The underpass on King West is probably my least favourite part of my commute. I can build up quite a velocity passing under the train tracks, but with tight lanes and no room for error I tend to “take the lane” for my own safety. This is the one spot I run into the most impatient drivers as they feel inclined to blast down the right lane -- there is inevitably a row of cars in the left lane attempting to turn left into Liberty Village.
I soldier on through the underpass and shoot out the other side to make my own less-than-savoury left turn. Et viola ... I’m in Liberty Village.
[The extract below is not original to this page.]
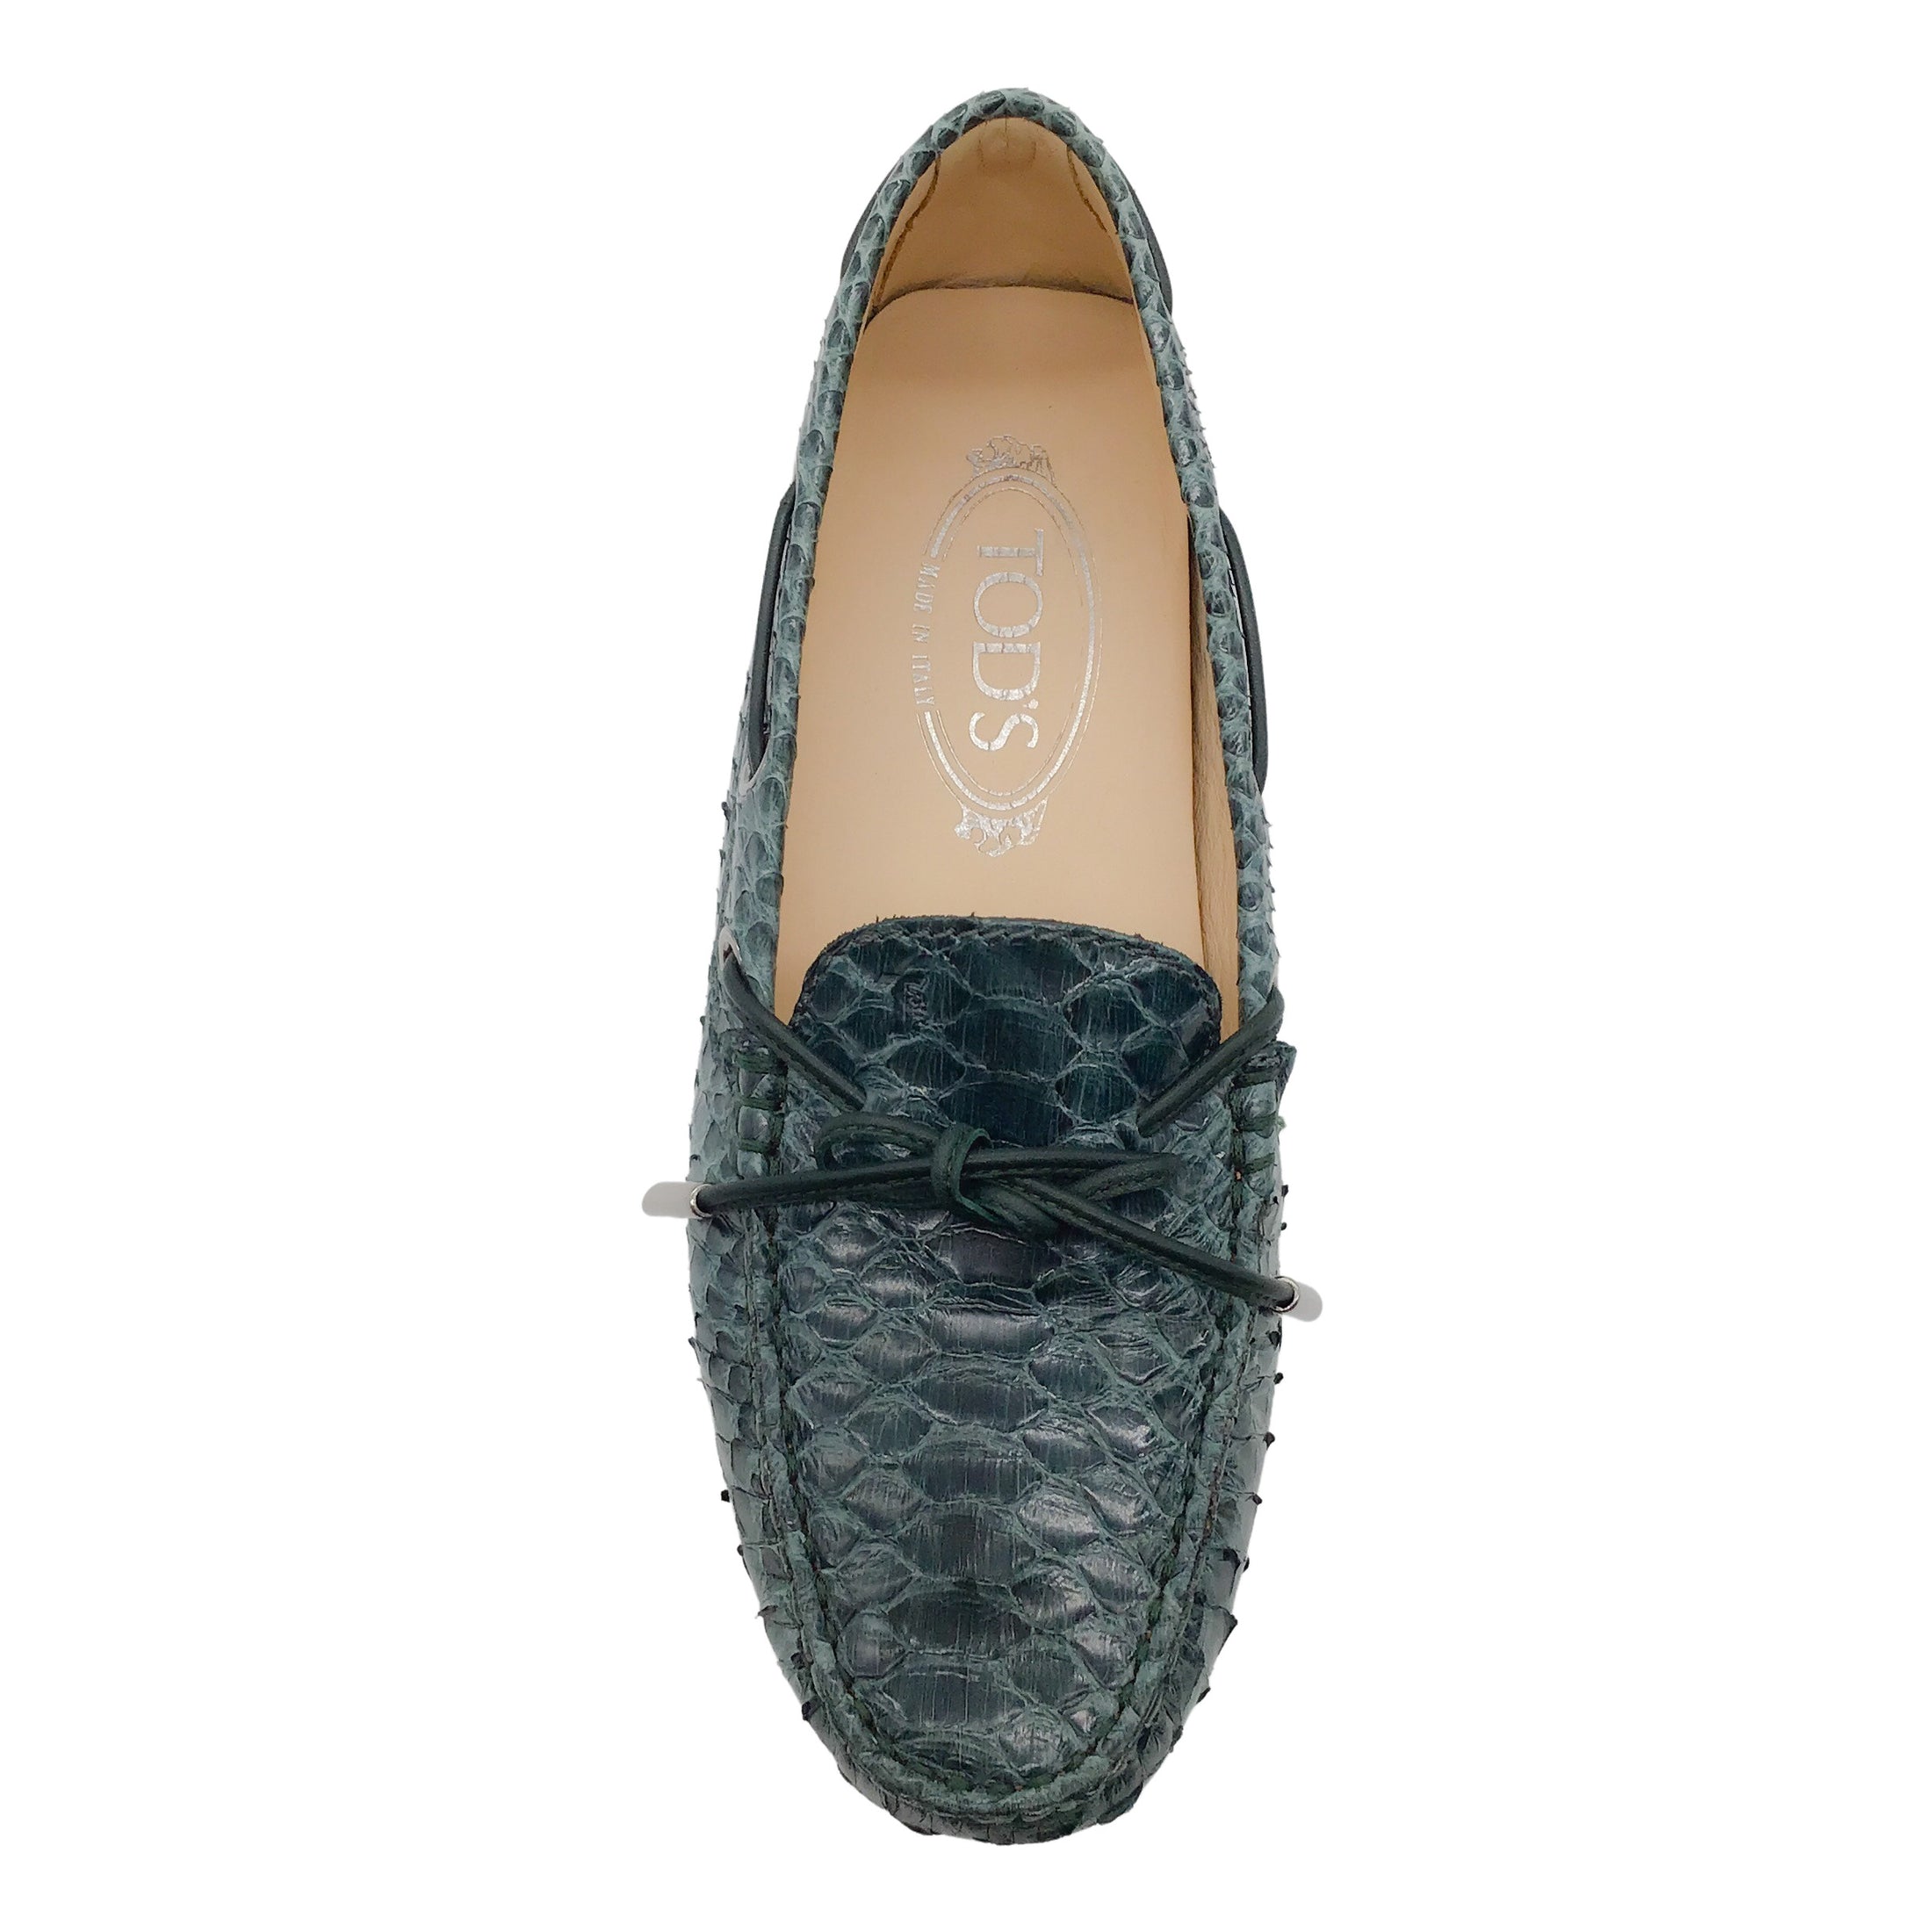 Tod's Teal Python Drivers Loafer Flats

Liberty itself isn’t great for biking in – the roads are narrow, there are a lot of four-way stops, many stretches of road don't have sidewalks and in some places there are even bricks poking out of the pavement from the area’s past life as a manufacturing 'hood. With plenty of new condos rising, the city will have to devise better ways to get people in and out of Liberty Village that will offset the endless stream of single-occupant vehicles; the lone, meandering bus route doesn’t quite do the trick today.
But for me, it’s not the destination, but the journey itself. This commute – usually about 25 minutes door-to-door for me – is one of the shorter routes I’ll take when the weather gets nice. When the temperature hits double-digits, I’ll often swing all the way through the Junction, past High Park before hitting the Martin Goodman trail. The more time I can spend on my bike in a day, the happier I am!
I’m not looking forward to the redesign of the Wellesley and Harbord bike lanes. Any discussion I’ve heard so far has pointed to the separated bike lane design that was used on Sherbourne, and we all know how well that’s working. I will reserve judgement until I test the route, but something tells me I may be looking at a longer route in the future.
When not working as an Apple IT Consultant, Joe Byer is on his bike to and from work or for longer rides throughout Toronto.
*dandyhorse supports all cycling infrastructure. We hope that sharrows in Toronto act as gateway infrastructure to more bike lanes.